Creating test data for pandas applications is tedious. Polypandas makes it effortless by generating realistic test DataFrames from your Python data models, with automatic schema inference so columns get the right dtypes even when values are null.
from dataclasses import dataclass
from polypandas import pandas_factory
@pandas_factory
@dataclass
class User:
id: int
name: str
email: str
# Generate 1000 rows instantly
df = User.build_dataframe(size=1000)
Installation
Base install (pandas + polyfactory):
pip install polypandas
Optional: PyArrow for proper nested struct columns (otherwise nested fields are object columns of dicts):
pip install polypandas[pyarrow]
Development (tests, lint, type-checking):
pip install "polypandas[dev]"
Requirements: Python 3.8+, pandas ≥1.3, polyfactory ≥2.0.
Quick start
Decorator (recommended)
from dataclasses import dataclass
from typing import Optional
from polypandas import pandas_factory
@pandas_factory
@dataclass
class Product:
product_id: int
name: str
price: float
description: Optional[str] = None
in_stock: bool = True
df = Product.build_dataframe(size=100)
print(df.head())
Generate dicts, then convert to DataFrame
dicts = Product.build_dicts(size=1000)
df = Product.create_dataframe_from_dicts(dicts)
Classic factory pattern
from polypandas import PandasFactory
class ProductFactory(PandasFactory[Product]):
__model__ = Product
df = ProductFactory.build_dataframe(size=100)

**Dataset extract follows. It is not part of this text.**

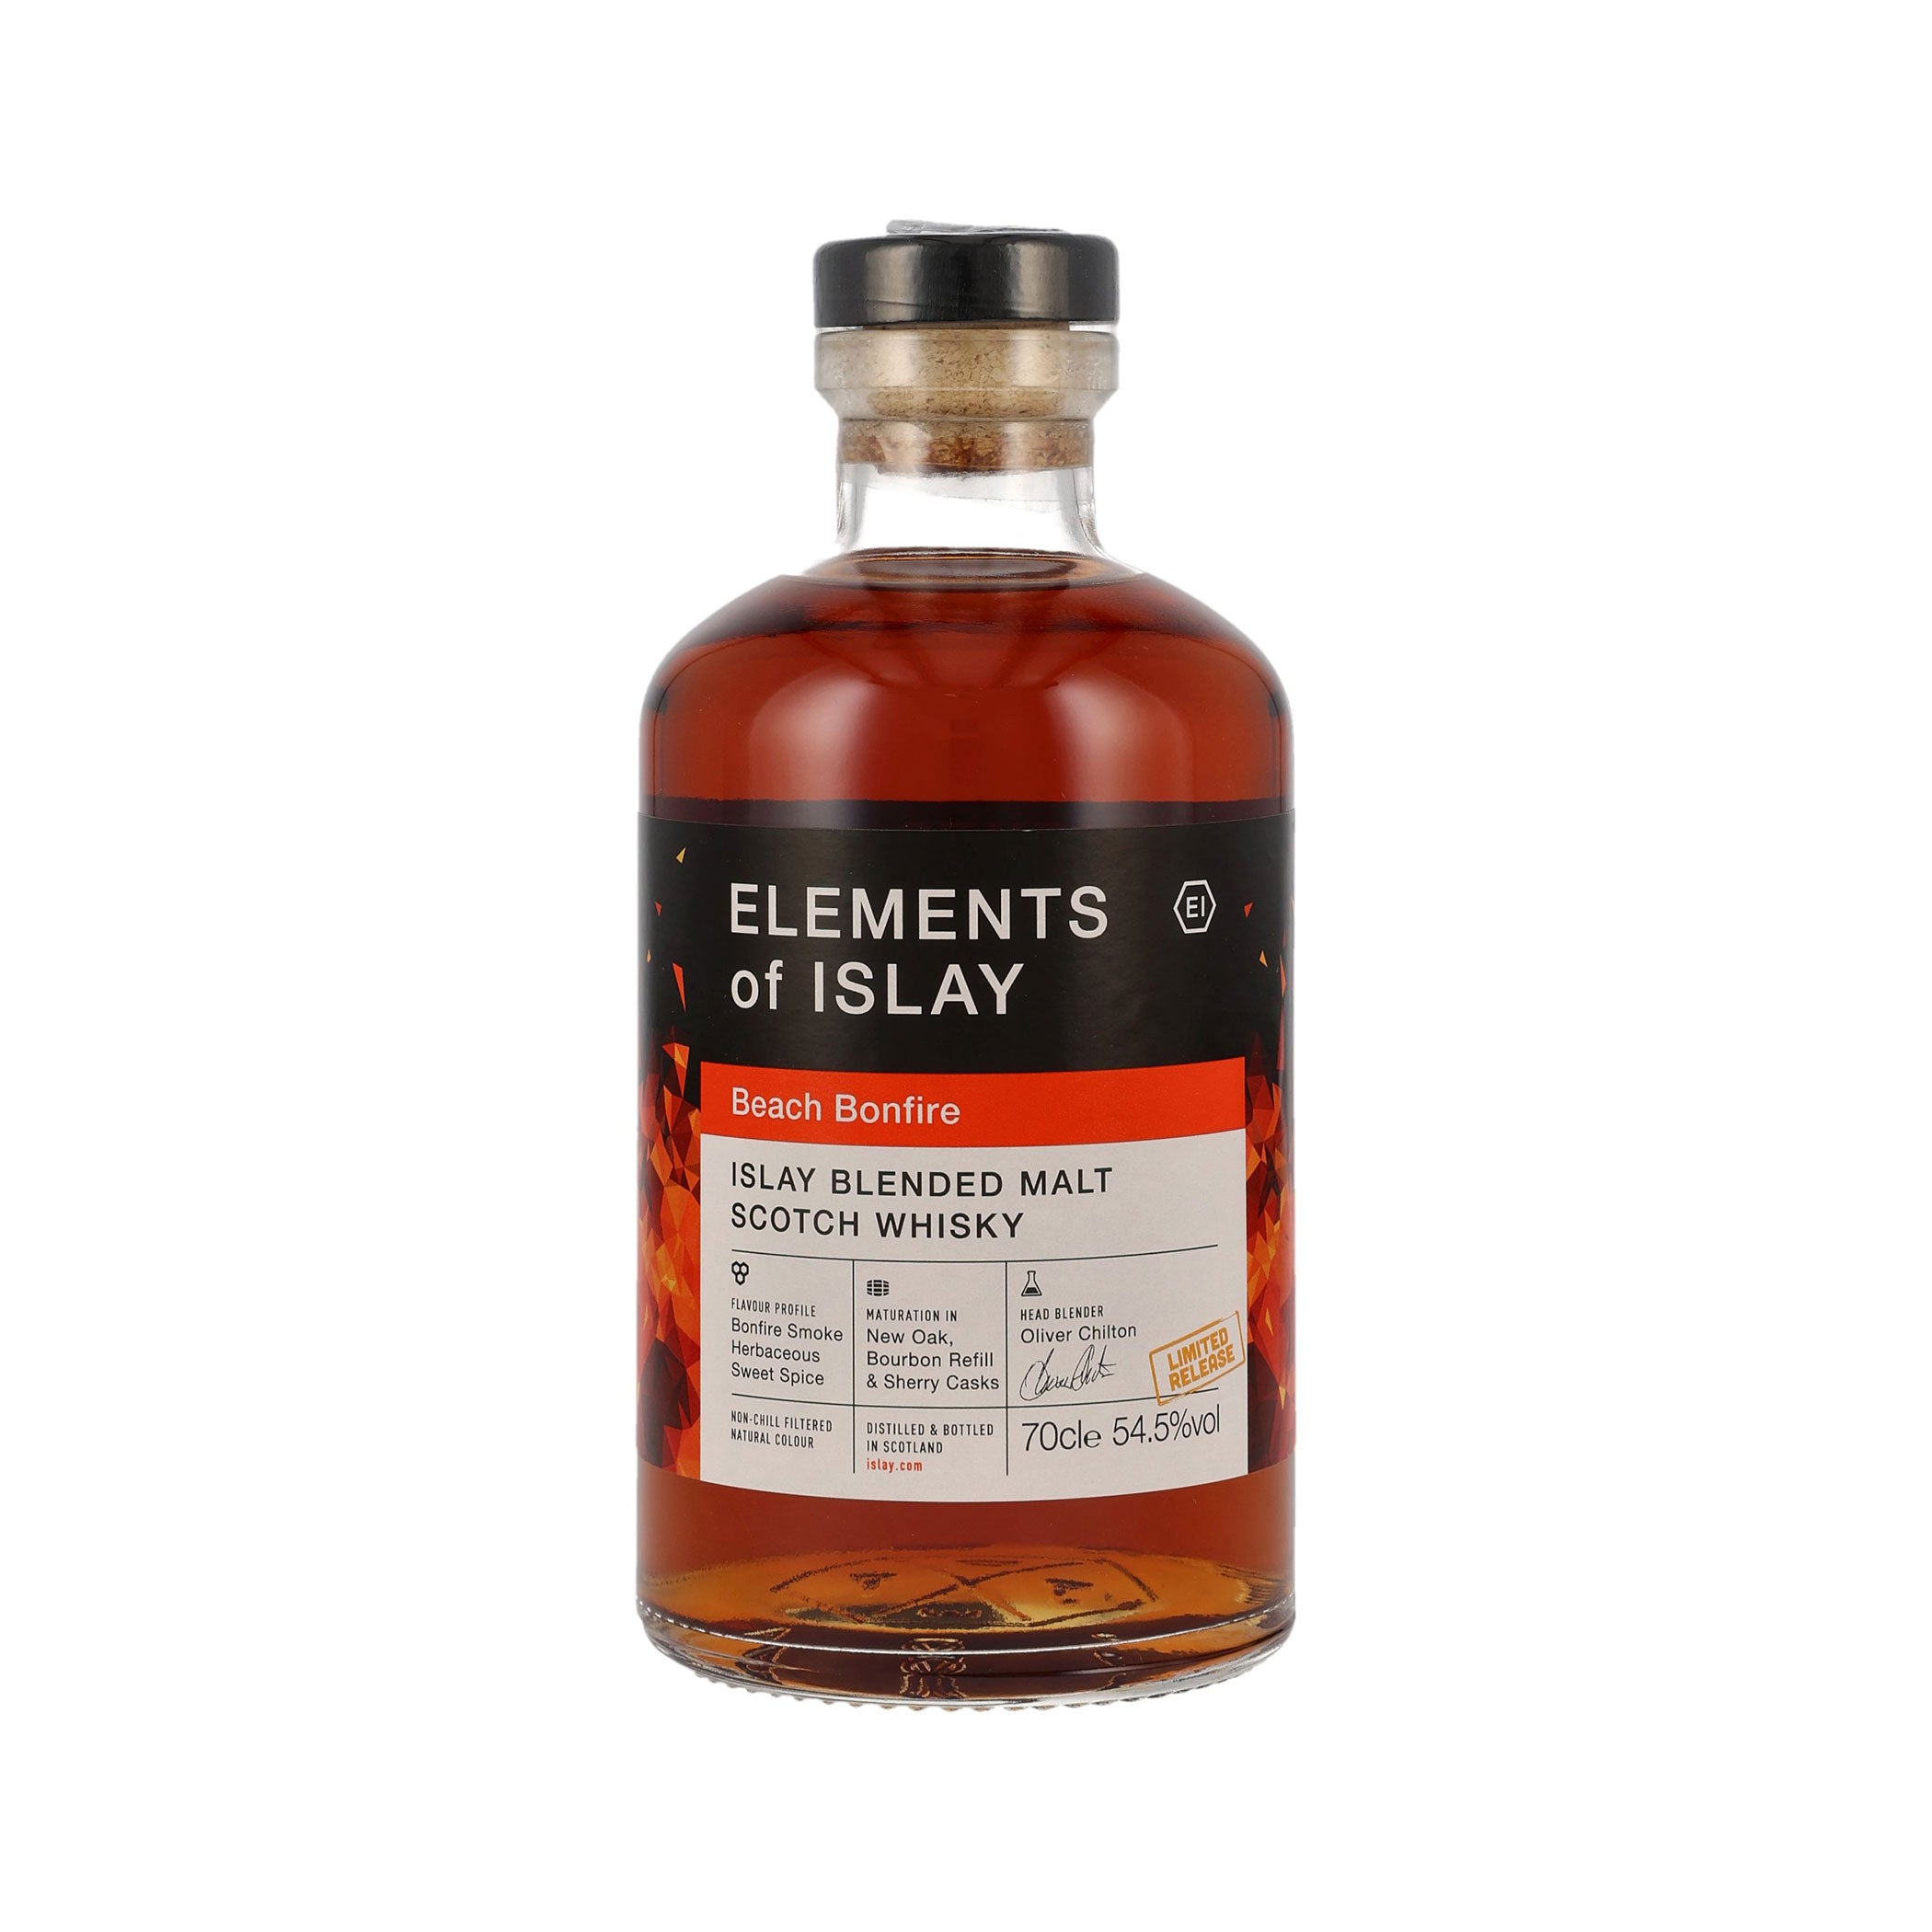 Elements of Islay - Beach Bonfire - Islay Blended Scotch Whisky

Convenience function (no factory class)
from polypandas import build_pandas_dataframe
df = build_pandas_dataframe(Product, size=100)
Pydantic models
from pydantic import BaseModel
from polypandas import pandas_factory
@pandas_factory
class Order(BaseModel):
order_id: int
customer_id: int
total: float
df = Order.build_dataframe(size=500)
Nested structs (optional PyArrow)
With pip install polypandas[pyarrow], nested dataclasses become proper struct columns (PyArrow-backed). Without PyArrow they are object columns of dicts.

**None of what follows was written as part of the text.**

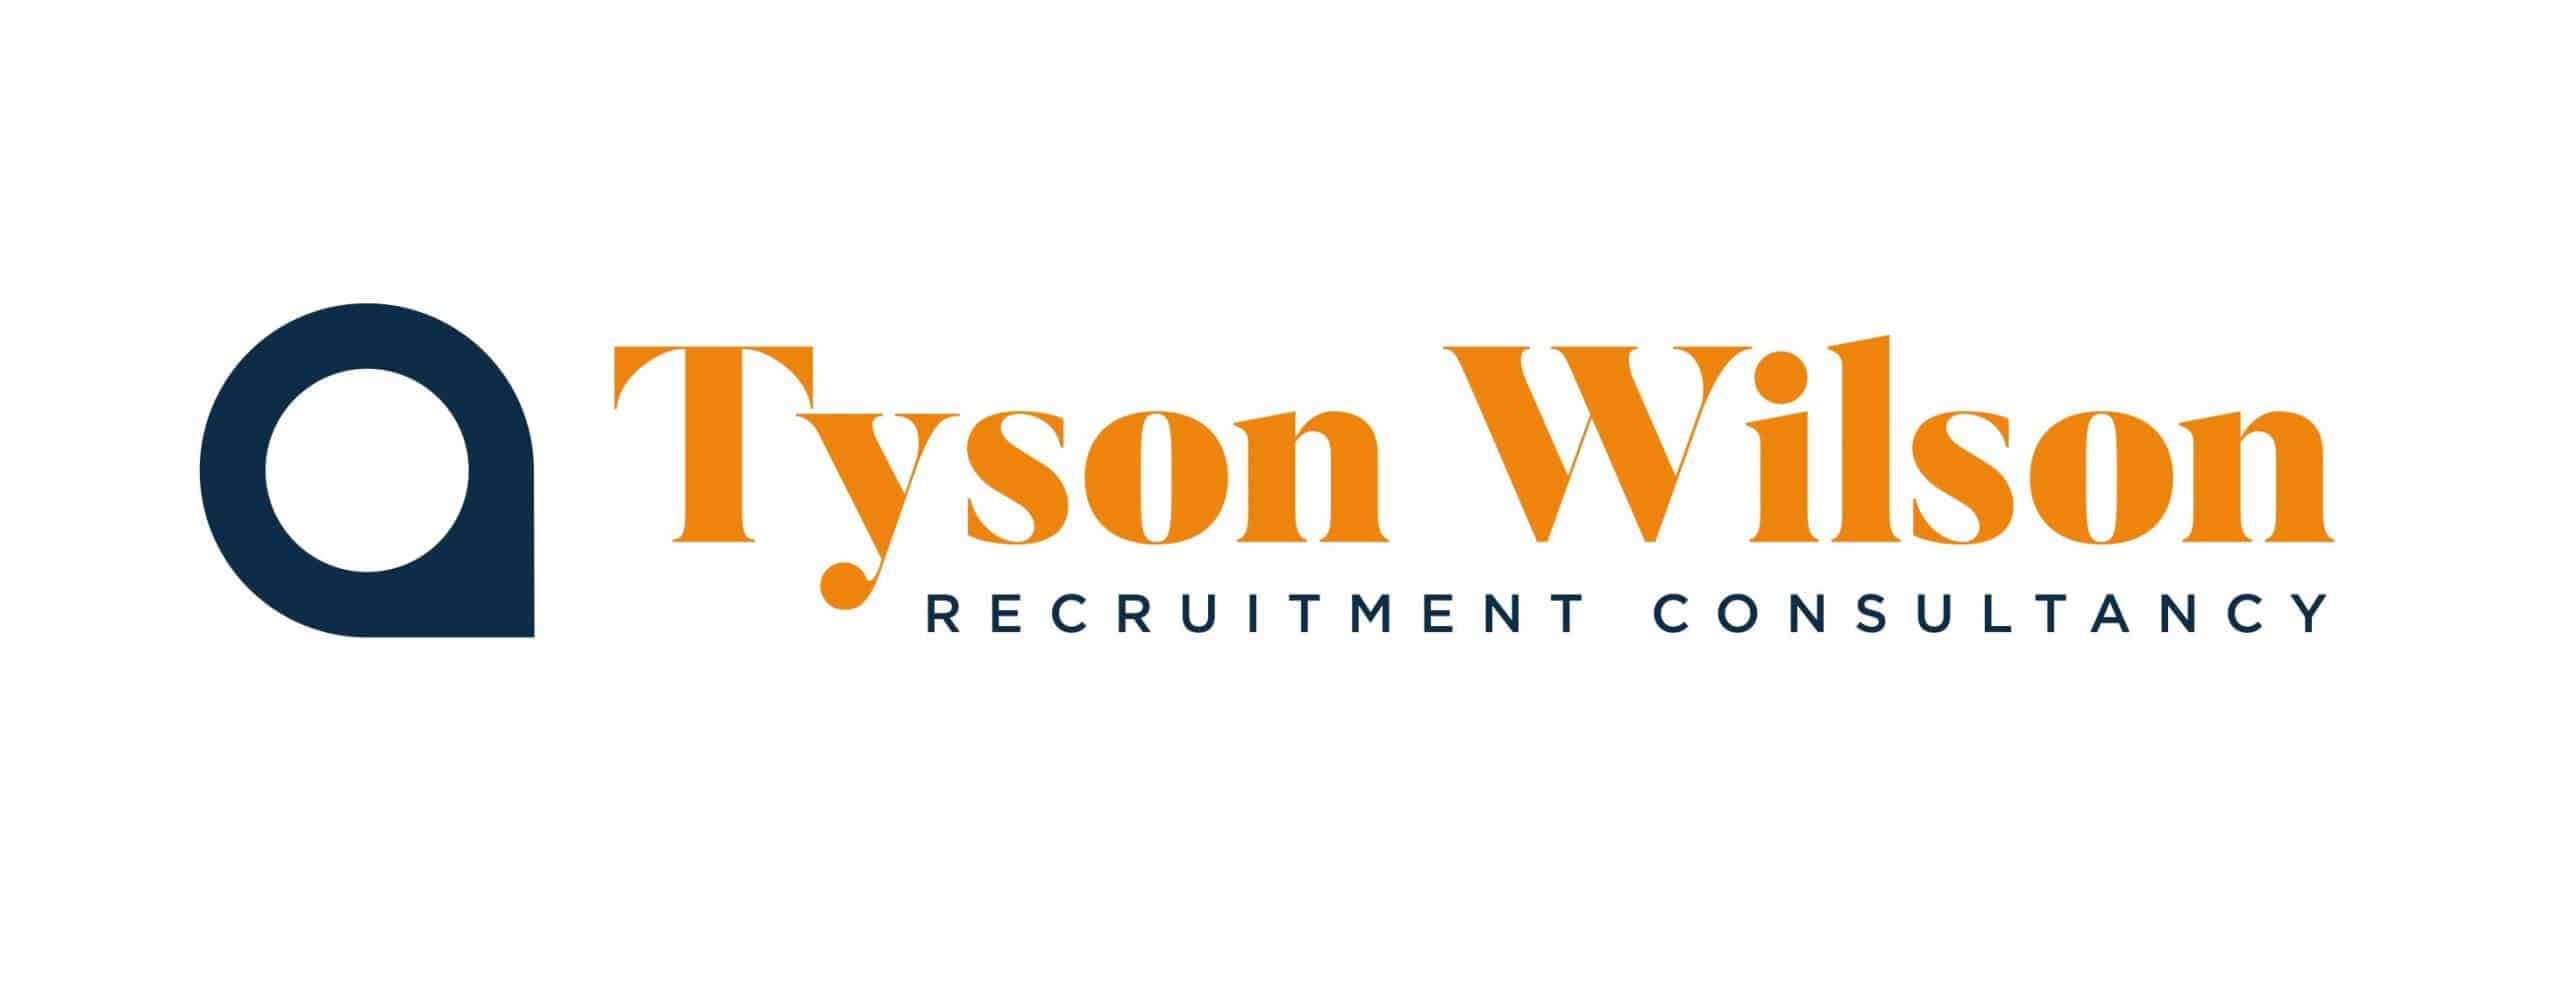 tyson wilson recruitment logo

from dataclasses import dataclass
from polypandas import pandas_factory
@dataclass
class Address:
street: str
city: str
zipcode: str
@pandas_factory
@dataclass
class Person:
id: int
name: str
address: Address
# Auto: use PyArrow when available and model has nested structs
df = Person.build_dataframe(size=50)
# Force PyArrow (when installed)
df = Person.build_dataframe(size=50, use_pyarrow=True)

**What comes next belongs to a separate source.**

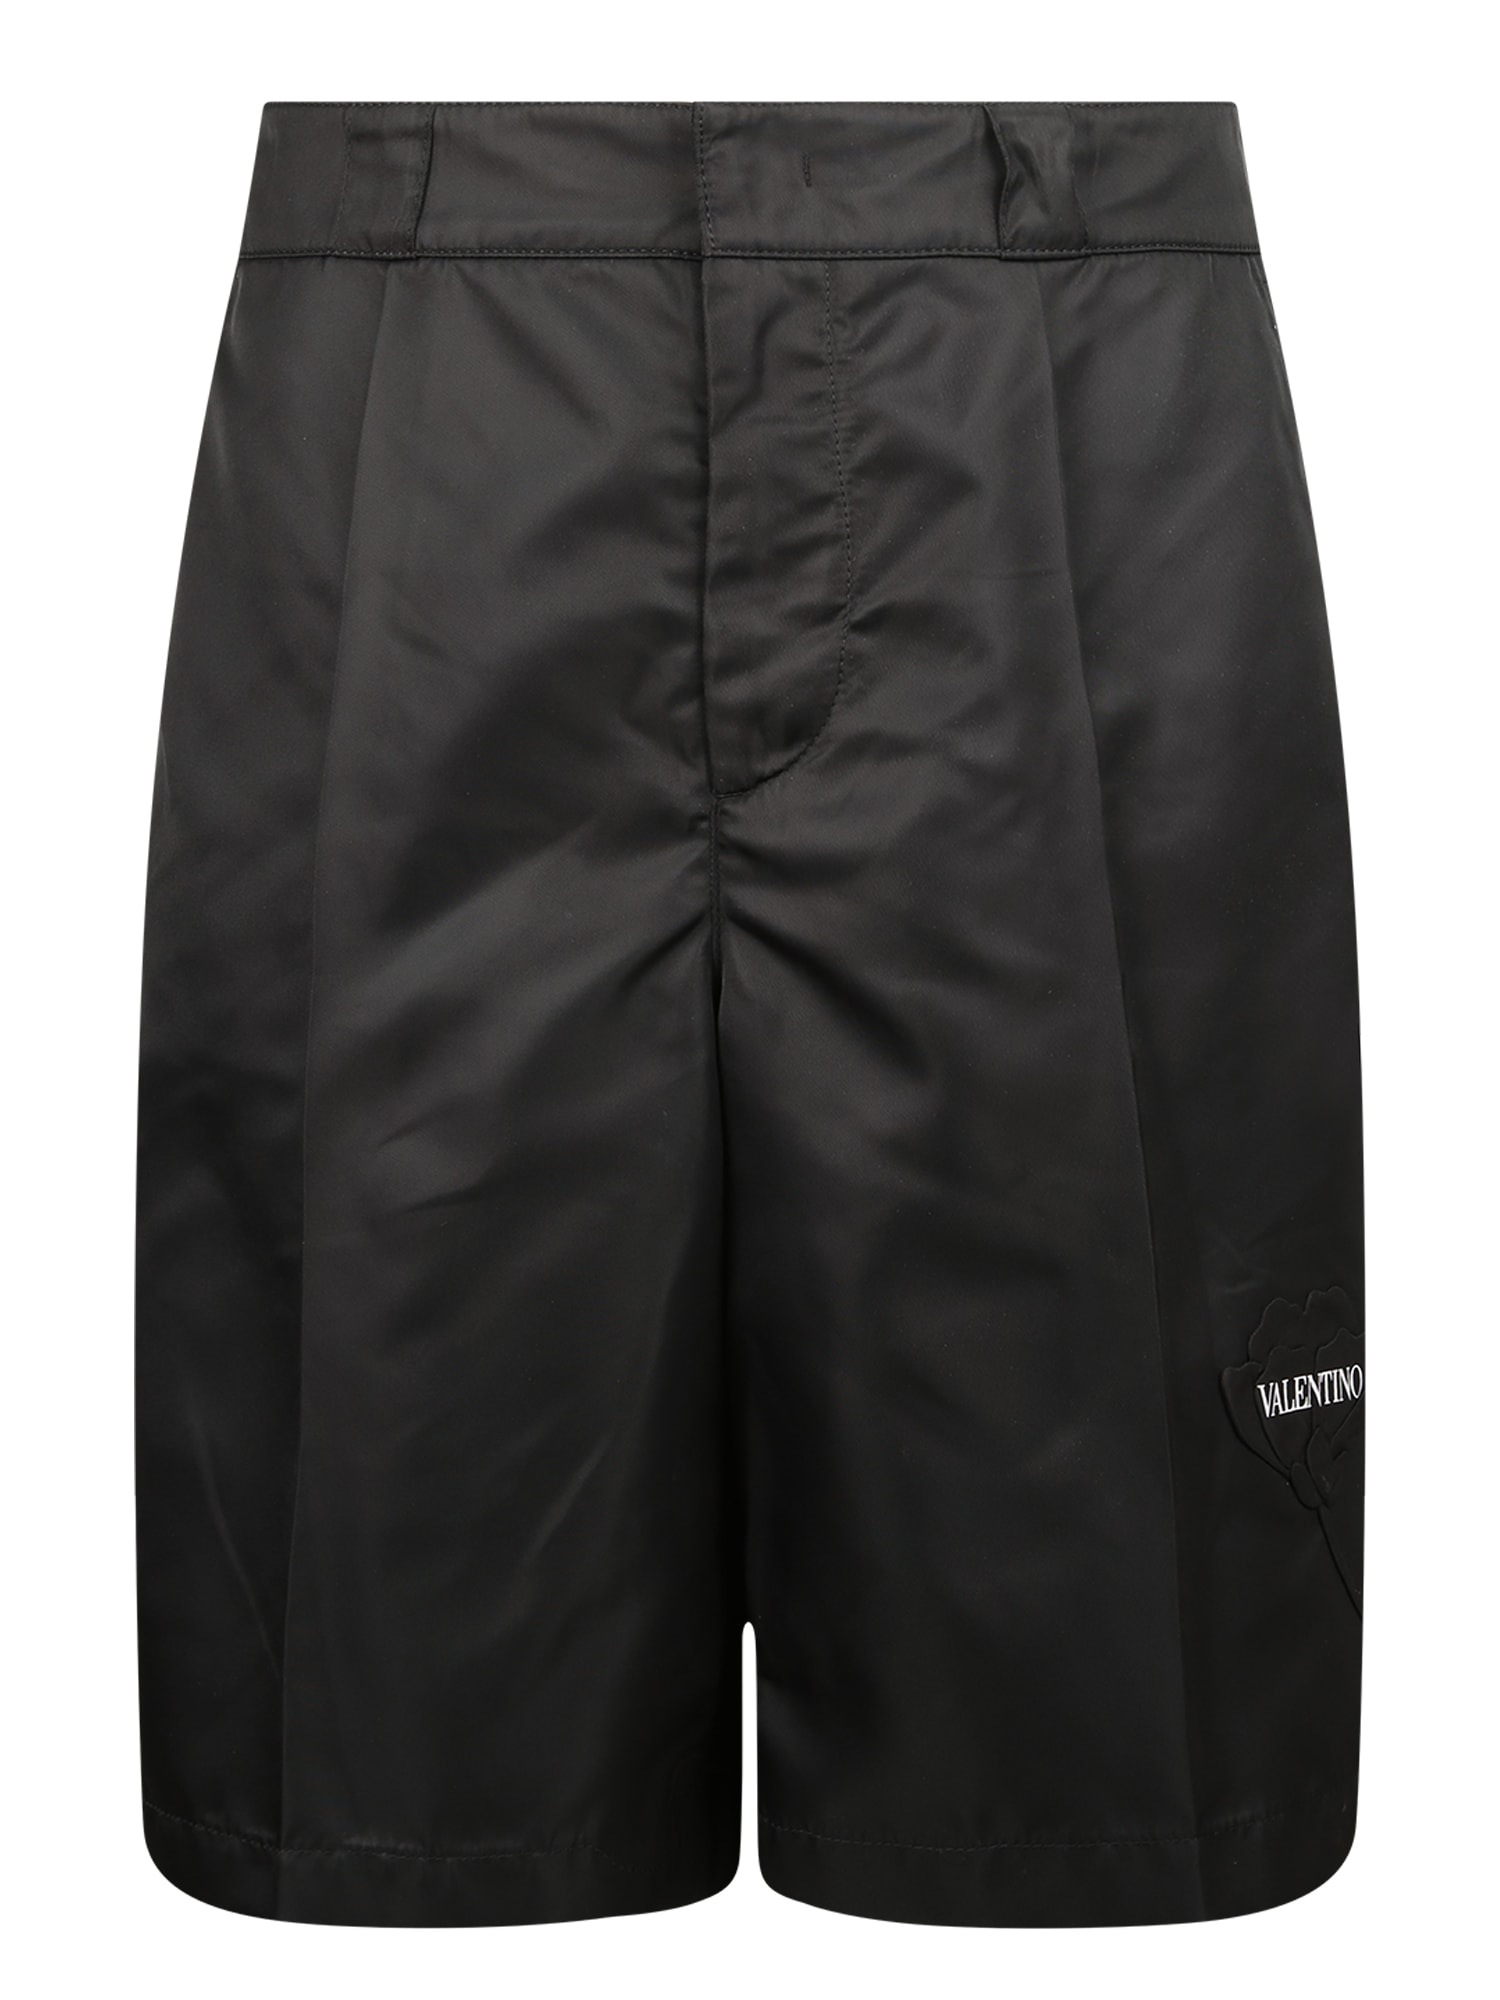 Valentino Branded Bermuda Shorts

# Force standard path (nested column = object of dicts)
df = Person.build_dataframe(size=50, use_pyarrow=False)
Helpers:
has_nested_structs(Model)—Trueif the model has any nested struct or list-of-struct field.infer_pyarrow_schema(Model)— Returns apyarrow.Schemawhen PyArrow is installed, elseNone.is_pyarrow_available()— Runtime check for PyArrow.
Key features
- Factory pattern — Uses polyfactory for data generation.
- Type-safe schema — Python types become pandas dtypes automatically.
- Robust null handling — Schema from types avoids dtype issues with all-null columns.
- Nested structs — Optional PyArrow support for proper struct columns; otherwise object columns of dicts.
- Complex types — Lists and dicts as object columns; nested models as structs (with PyArrow) or dicts.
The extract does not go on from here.